▶ [About this exercise] Give back exactly the lines that start at the one containing "Scorcio di un" and run to the end of the material, leaving out the pictures.

▶ [Dataset content]
—————
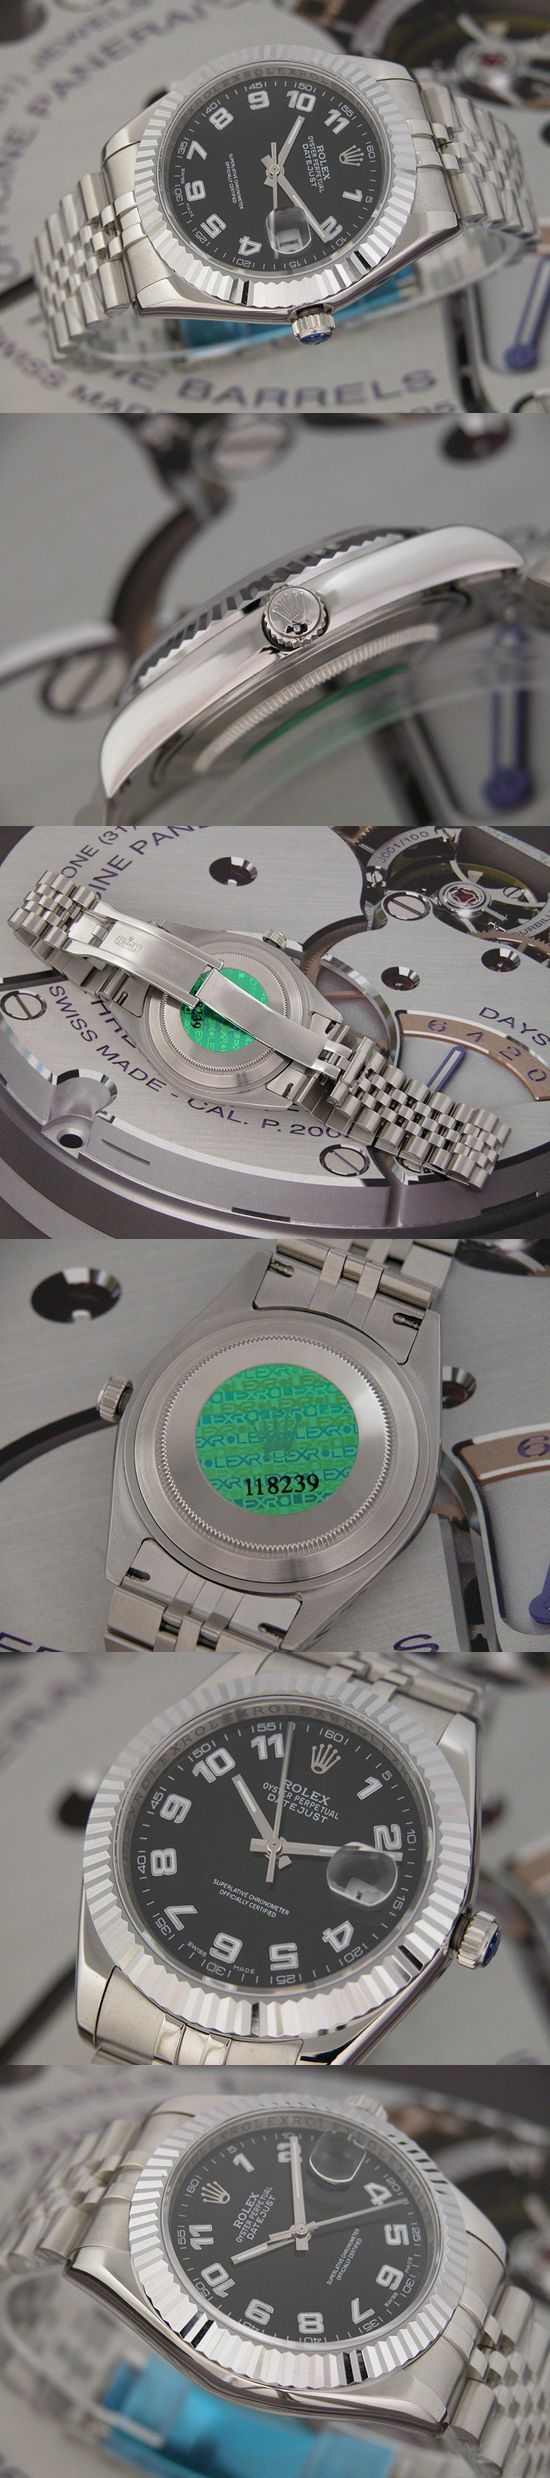 おしゃれなブランド時計がロレックス-デイトジャスト-ROLEX-118239-105-男性用を提供します.
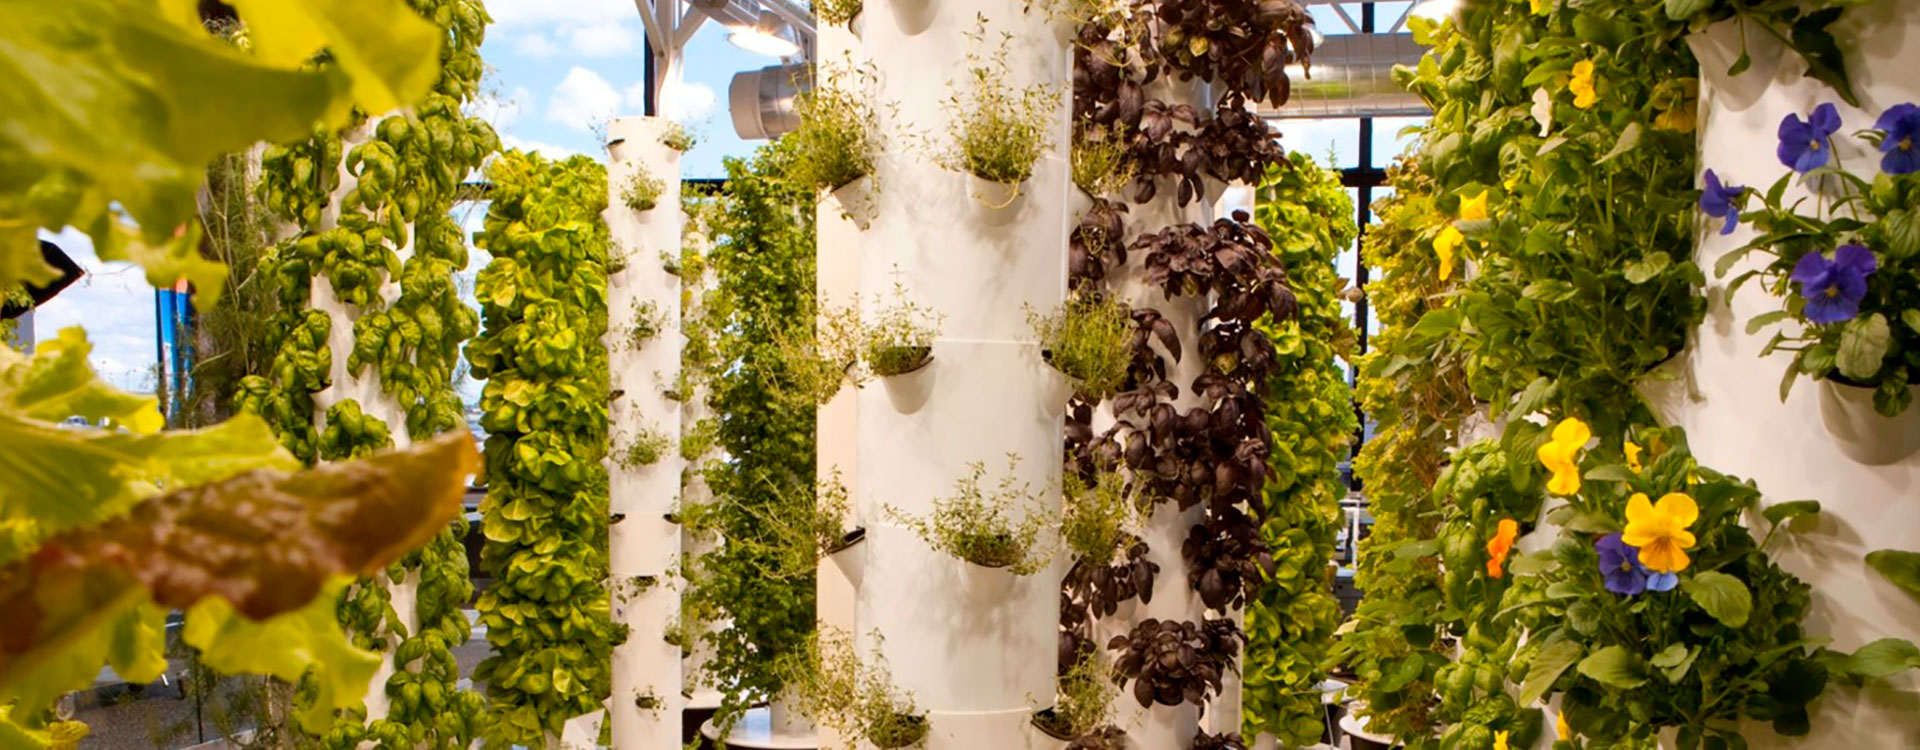 Scorcio di un giardino urbano, con colonne bianche, rampicanti e vasi disposti verticalmente lungo le colonne.
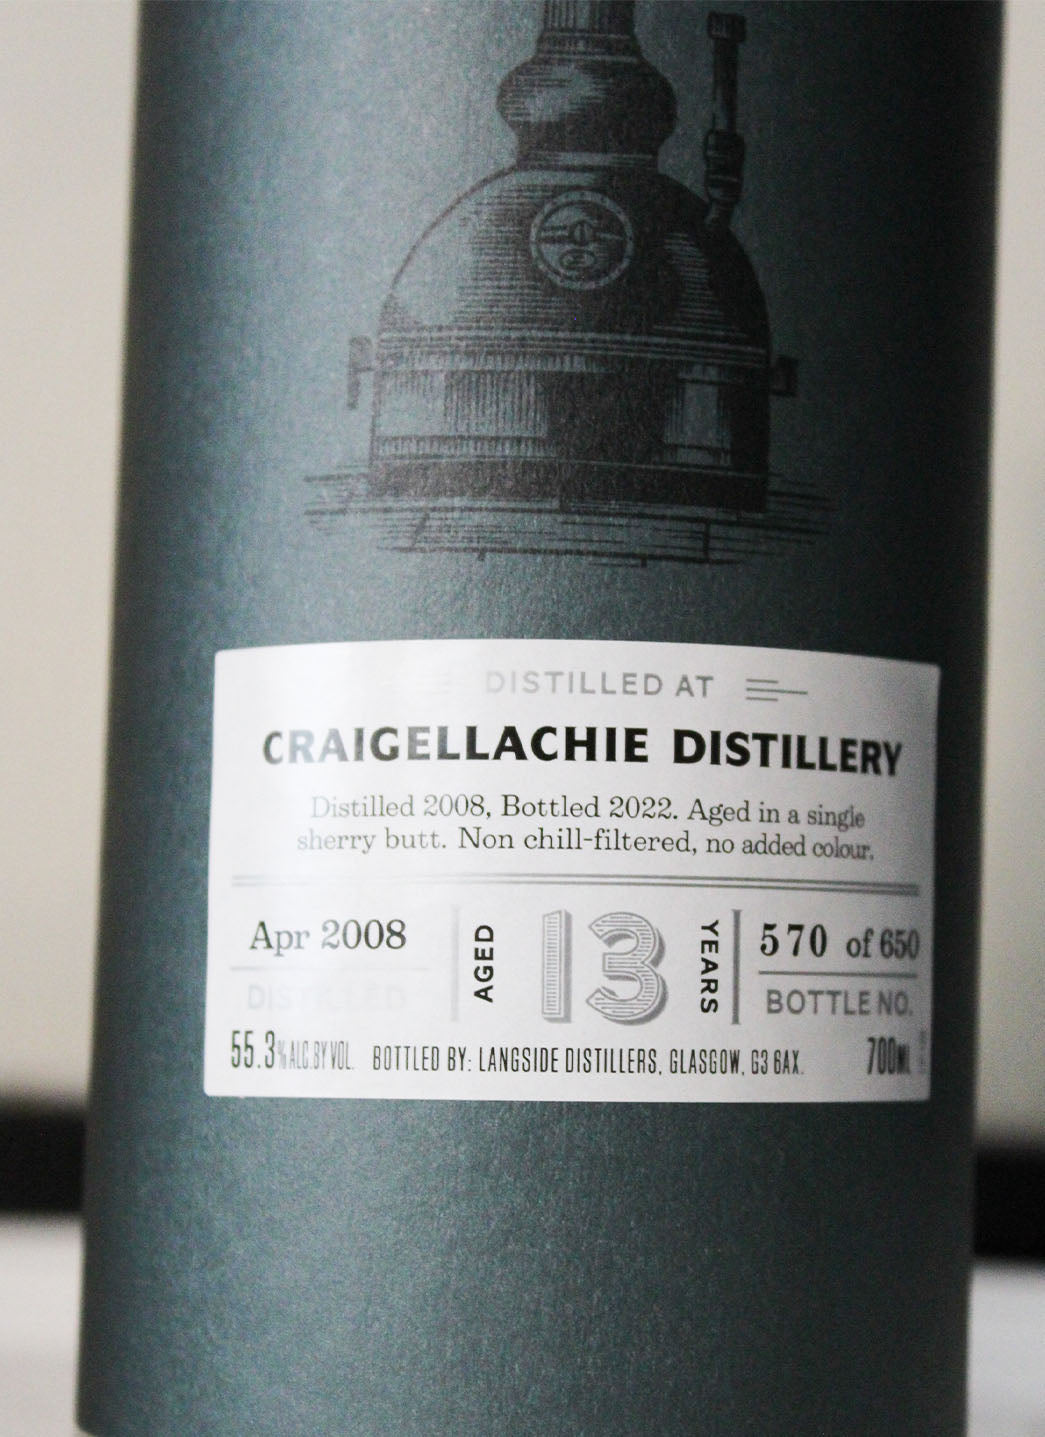 Distiller's Art Craigellachie 13 Year Single Malt Scotch
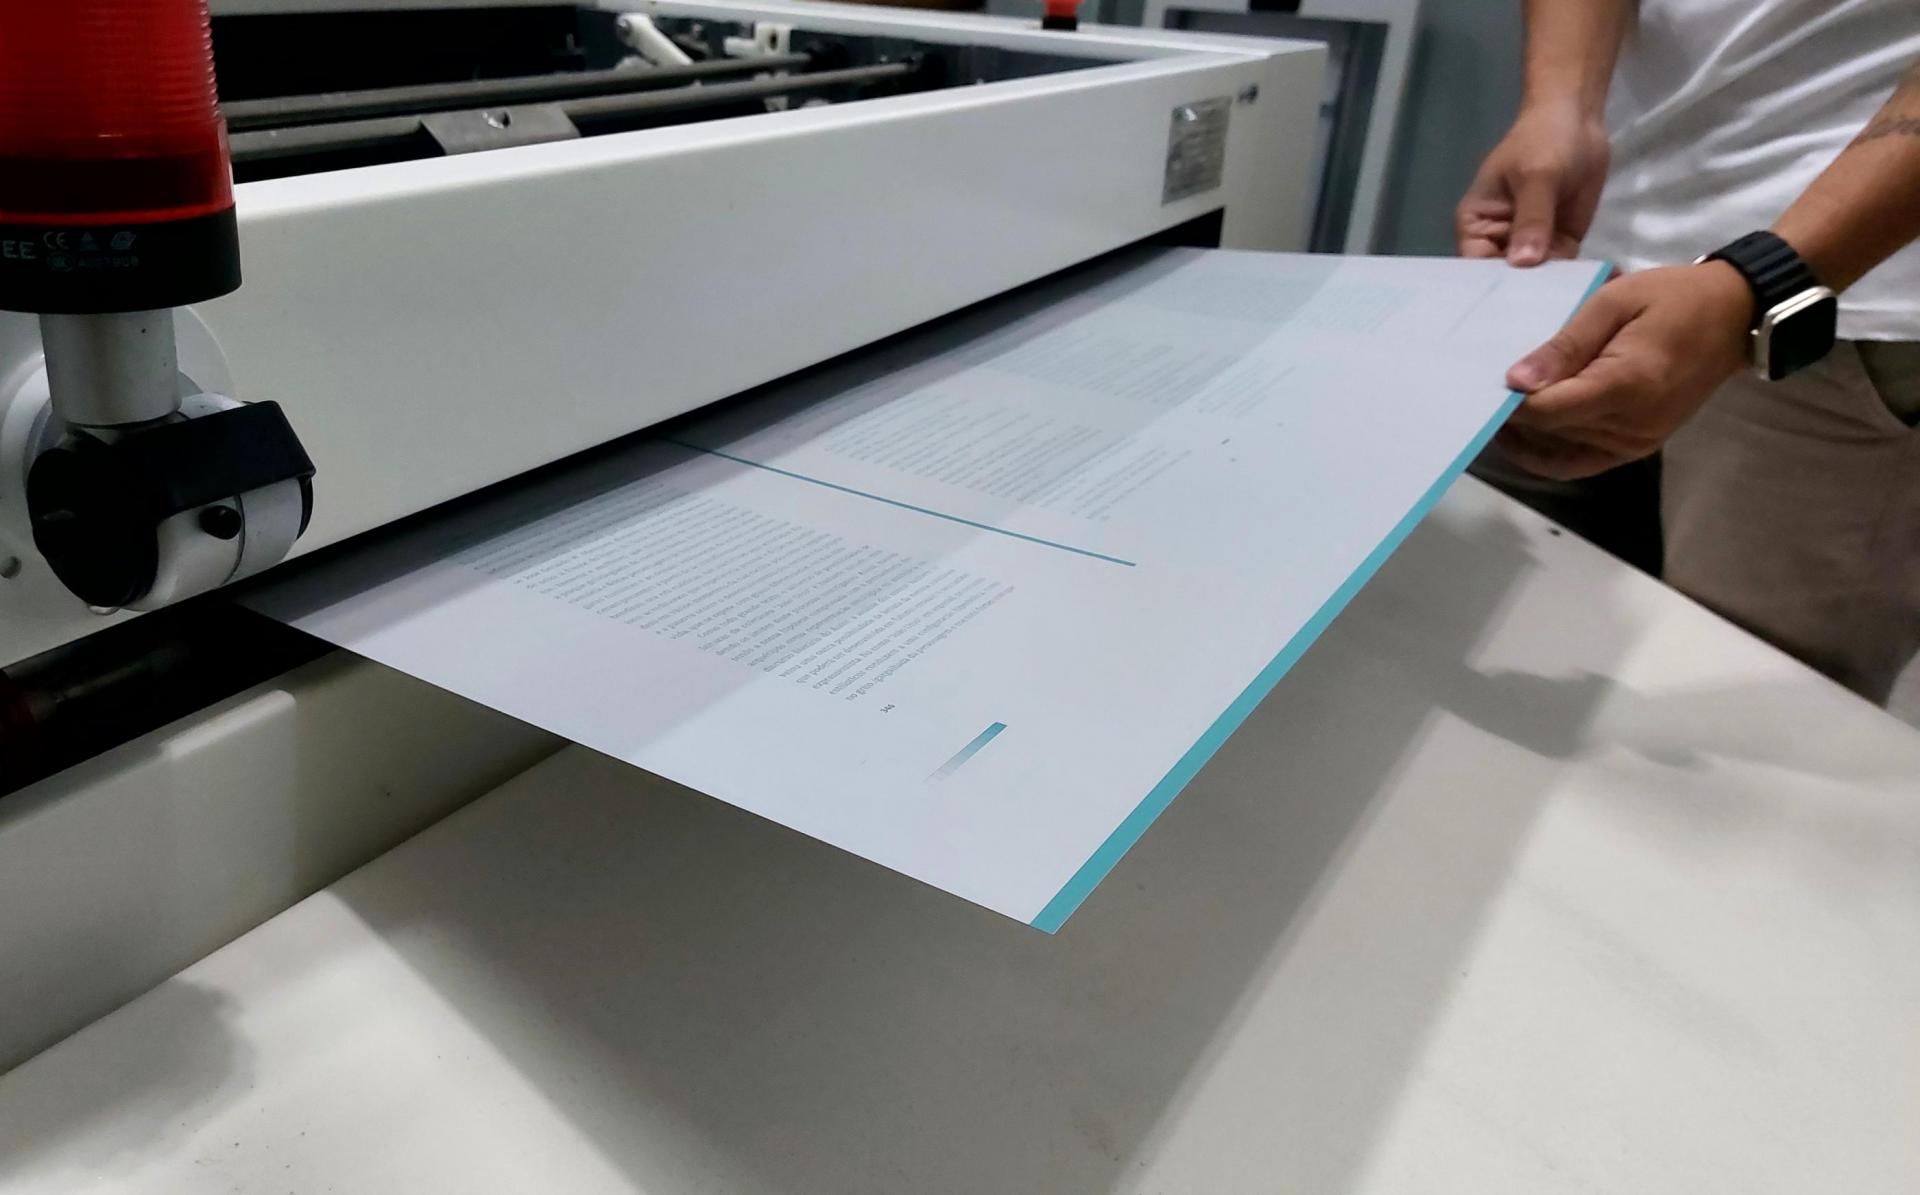 Imprensa Oficial Graciliano Ramos explica como diferenciar a impressão digital e offset
—————
▶ [Answer to the problem]
 Scorcio di un giardino urbano, con colonne bianche, rampicanti e vasi disposti verticalmente lungo le colonne.
 Distiller's Art Craigellachie 13 Year Single Malt Scotch
 Imprensa Oficial Graciliano Ramos explica como diferenciar a impressão digital e offset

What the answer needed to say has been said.